The ASF licenses this file to You under the Apache License, Version 2.0
(the "License"); you may not use this file except in compliance with
the License. You may obtain a copy of the License at
http://www.apache.org/licenses/LICENSE-2.0
Unless required by applicable law or agreed to in writing, software
distributed under the License is distributed on an "AS IS" BASIS,
WITHOUT WARRANTIES OR CONDITIONS OF ANY KIND, either express or implied.
See the License for the specific language governing permissions and
limitations under the License.
-->
<configuration>
</configuration>
在configuration夹层中添加:
<property>
<name>javax.jdo.option.ConnectionUserName</name>
<value>root</value>
</property>
<property>
<name>javax.jdo.option.ConnectionPassword</name>
<value>123456</value>
</property>
<property>
<name>javax.jdo.option.ConnectionURL</name>
<value>jdbc:mysql://node3:3306/hivemetadata?createDatabaseIfNotExist=true&useSSL=false</value>
</property>
<property>
<name>javax.jdo.option.ConnectionDriverName</name>
<value>com.mysql.jdbc.Driver</value>
</property>
<property>
<name>hive.metastore.schema.verification</name>
<value>false</value>
</property>
<property>
<name>datanucleus.schema.autoCreateAll</name>
<value>true</value>
</property>
<property>
<name>hive.server2.thrift.bind.host</name>
<value>node3</value>
</property>
然后rz
上传也可以实现同样的效果:
放入Hive所需的MySQL驱动依赖包
笔者选用5.3.18的jar包。
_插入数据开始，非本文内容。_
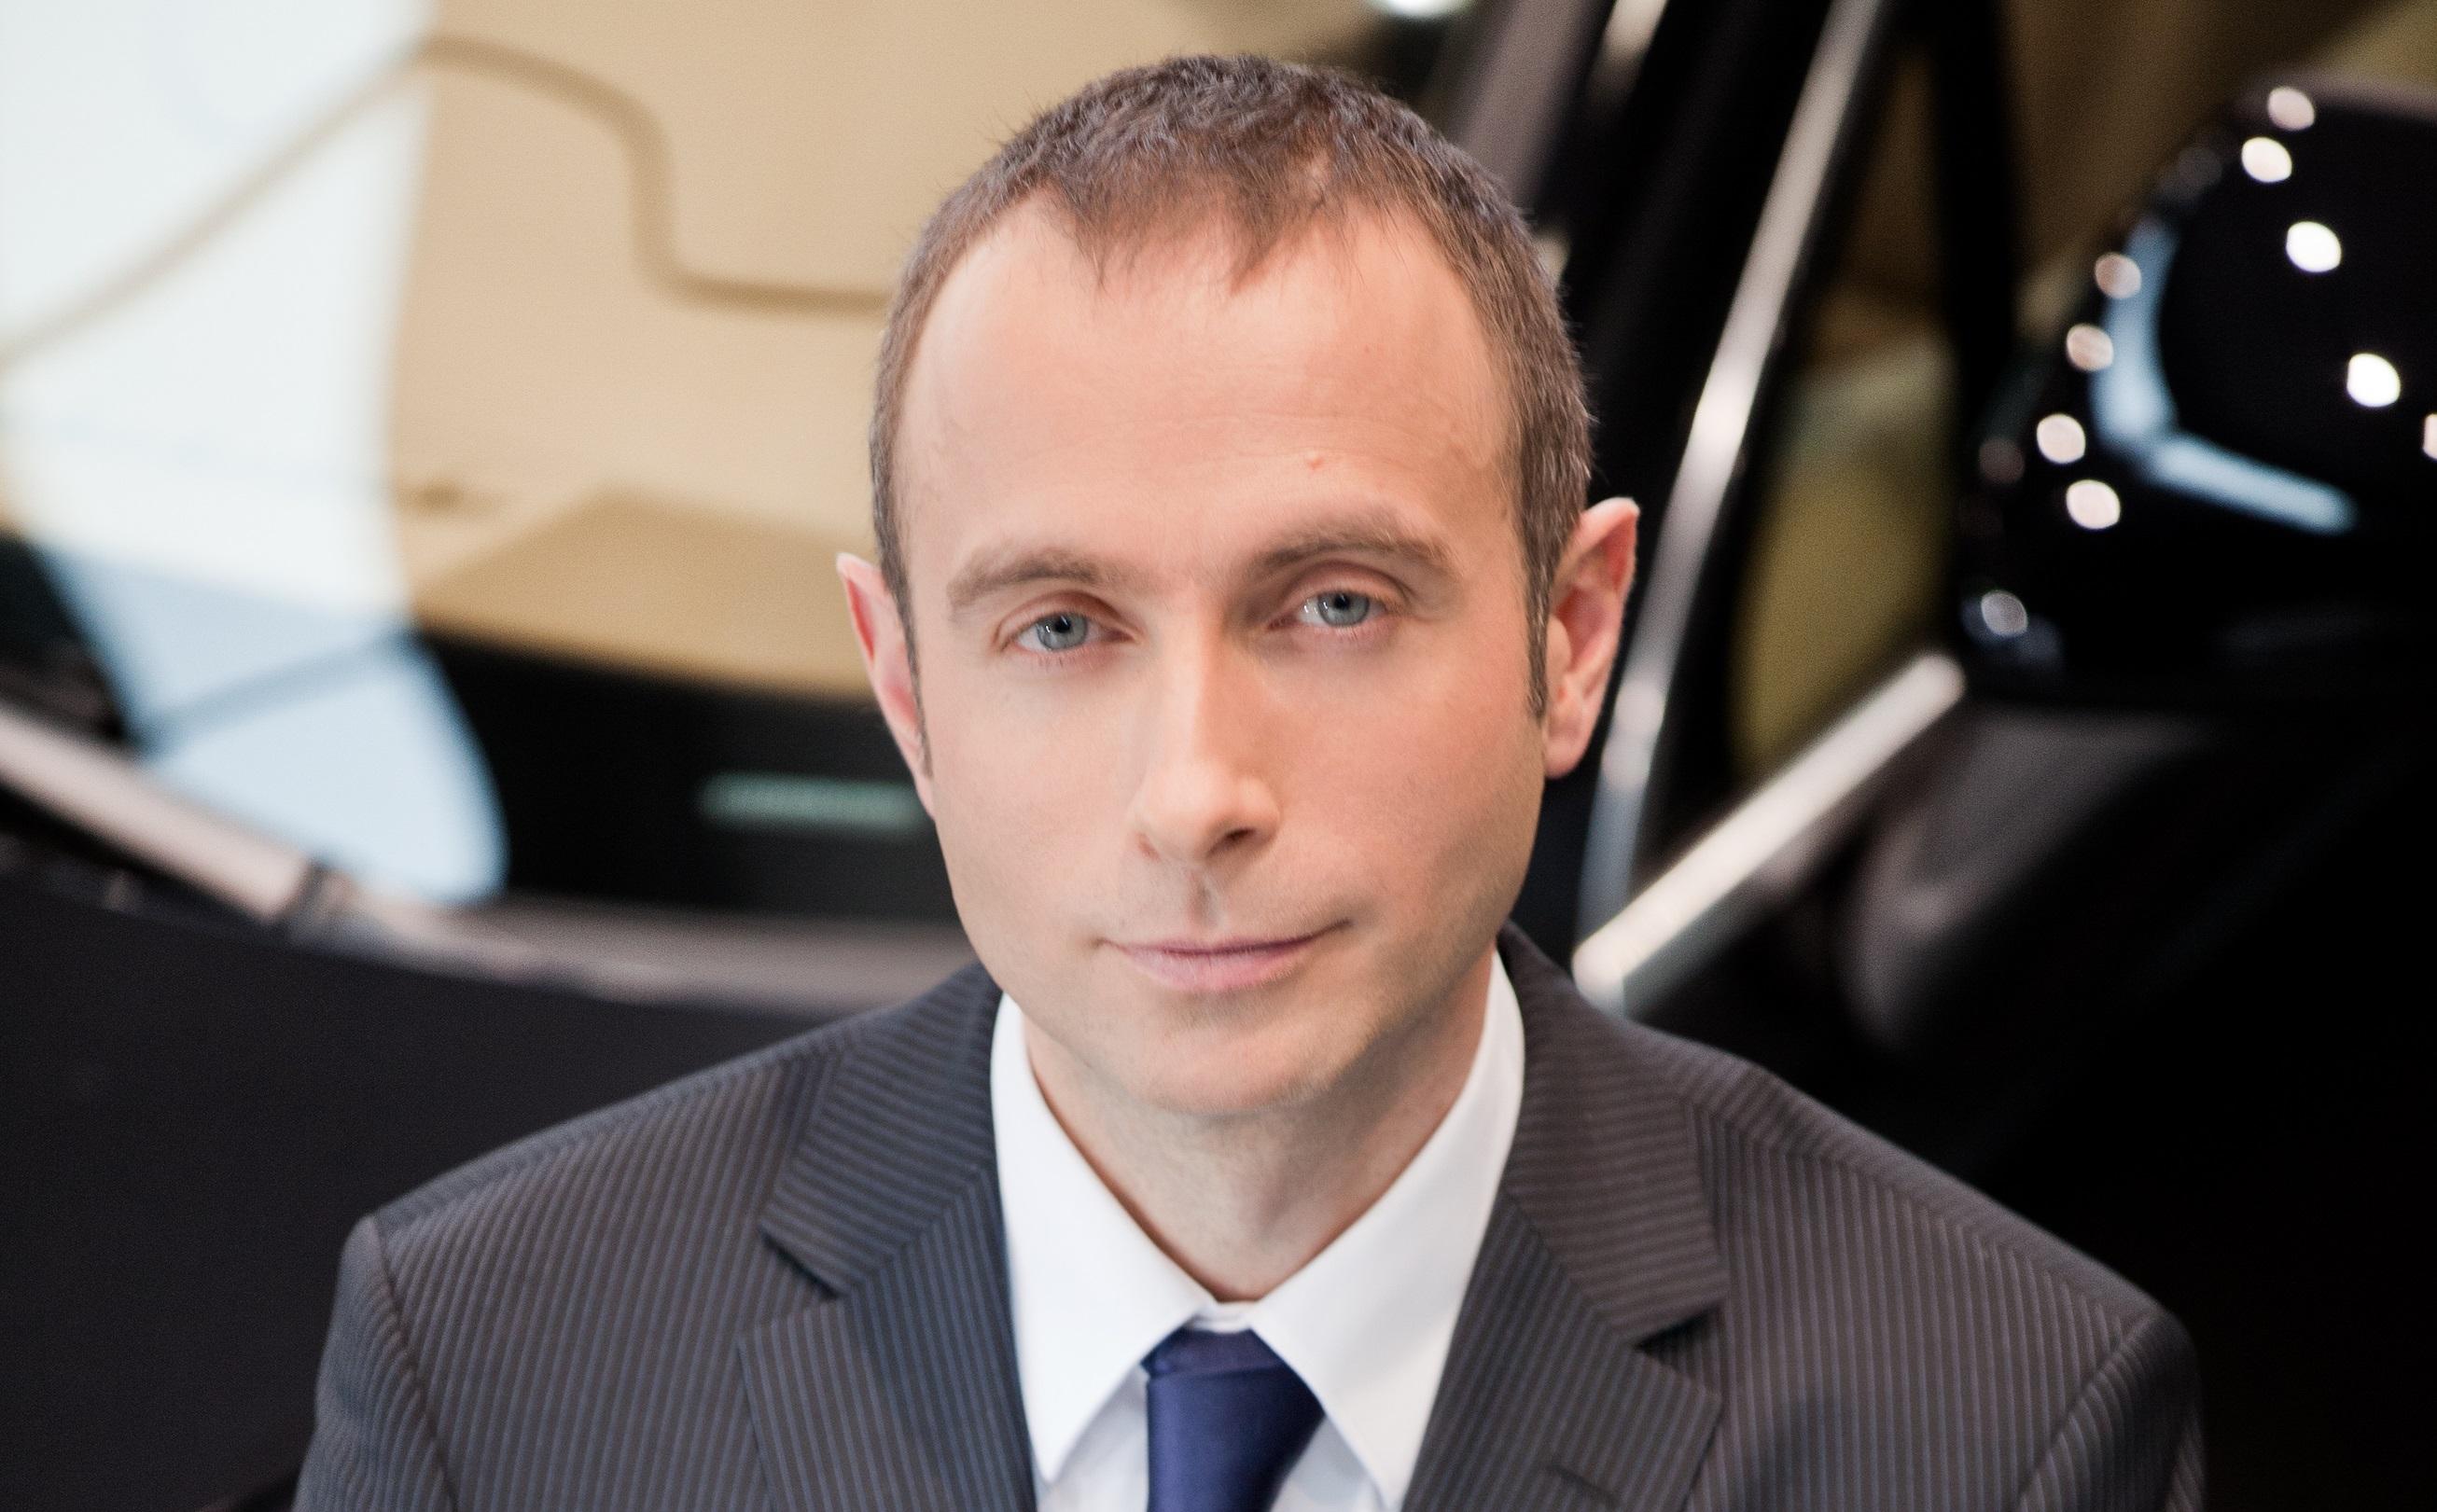 Alin Tapalaga revine in Romania pe pozitia de Director General al Porsche Inter Auto

rz上传后:
cp /export/software/mysql-connector-java-5.1.38.jar /export/server/hive-2.1.0-bin/lib/
cd /export/server/hive-2.1.0-bin/
ll ./lib
确认lib目录下已经有该文件。
配置Hive环境变量
vim /etc/profile
找个空白处:
#HIVE_HOME
export HIVE_HOME=/export/server/hive-2.1.0-bin
export PATH=:$PATH:$HIVE_HOME/bin
笔者直接放最后了。。。记得保存。
Hive首次启动
首次启动需要做一些配置。之后启动就可以省去这些步骤。
笔者已经有一些命令了(忘了哪些是自己写的shell脚本。。。读者如果没有,可以查阅笔者之前的稿子)。
启动HDFS
start-dfs.sh
启动YARN
start-yarn.sh
启动Hive
首次启动需要初始化元数据。
之后启动HIVE不再需要初始化元数据!!!
创建HDFS目录
HIVE会自动把数据“搬”到HDFS的仓库目录。
hdfs dfs -mkdir -p /user/hive/warehouse
hdfs dfs -chmod g+w /tmp
hdfs dfs -chmod g+w /user/hive/warehouse
在node1:50070
可以看到:
路径/user/hive/warehouse
用作Hive中所有表的数据在HDFS中的存储目录。
初始化Hive元数据
cd /export/server/hive-2.1.0-bin/
ll -ah ./bin
可以看到可用的命令:
使用:
bin/schematool -dbType mysql -initSchema
末尾会出现:
schemaTool completed
可以在MySQL中使用:
show databases;
看到:
说明Hive的MySQL数据库创建完成。
正式启动
cd /export/server/hive-2.1.0-bin/bin/
hive
启动后:
启动成功!!!
Hive实现wordcount
之前使用MapReduce写个wordcount得花费好长时间。。。还得琢磨K2、V2、K3、V3。。。事实上,Hive可以使用SQL语句自动生成MapReduce程序。。。虽然MapReduce已经接近淘汰,并且Hive声明未来的高本吧不再支持MapReduce。。。
创建表
在启动Hive的命令行:
create table tb_word(
words string
);
由于Hive底层是Java,元数据是MySQL,故Hive的表数据可以直接使用Java的数据类型。
在启动Hive的命令行:
show tables;
可以看出表格已经被创建。
加载HDFS数据
还是使用之前的那个wc.txt
试试效果:
使用:
load data inpath '/wordcount/input/wc.txt' into table tb_word;
Hive的命令行会显示:
hive> load data inpath '/wordcount/input/wc.txt' into table tb_word;
Loading data to table default.tb_word
OK
Time taken: 0.553 seconds
执行完毕后:
原来的数据wc.txt
就被“搬”走了!!!
文件被搬到了HDFS文件系统的/user/hive/warehouse/tb_word
目录下。
SQL分析处理
在启动了Hive的命令行分2次执行:
create table tb_word2 as select explode(split(words," ")) as word from tb_word;
select word,count(*) as numb from tb_word2 group by word order by numb desc;
开始运算:
在node3:8088
可以看到:
等待完成:
Hive异常机智呢!!!MapReduce程序显然是在Map阶段尚未完成就开始执行Reduce。比之前笔者写的MqpReduce高效多了。。。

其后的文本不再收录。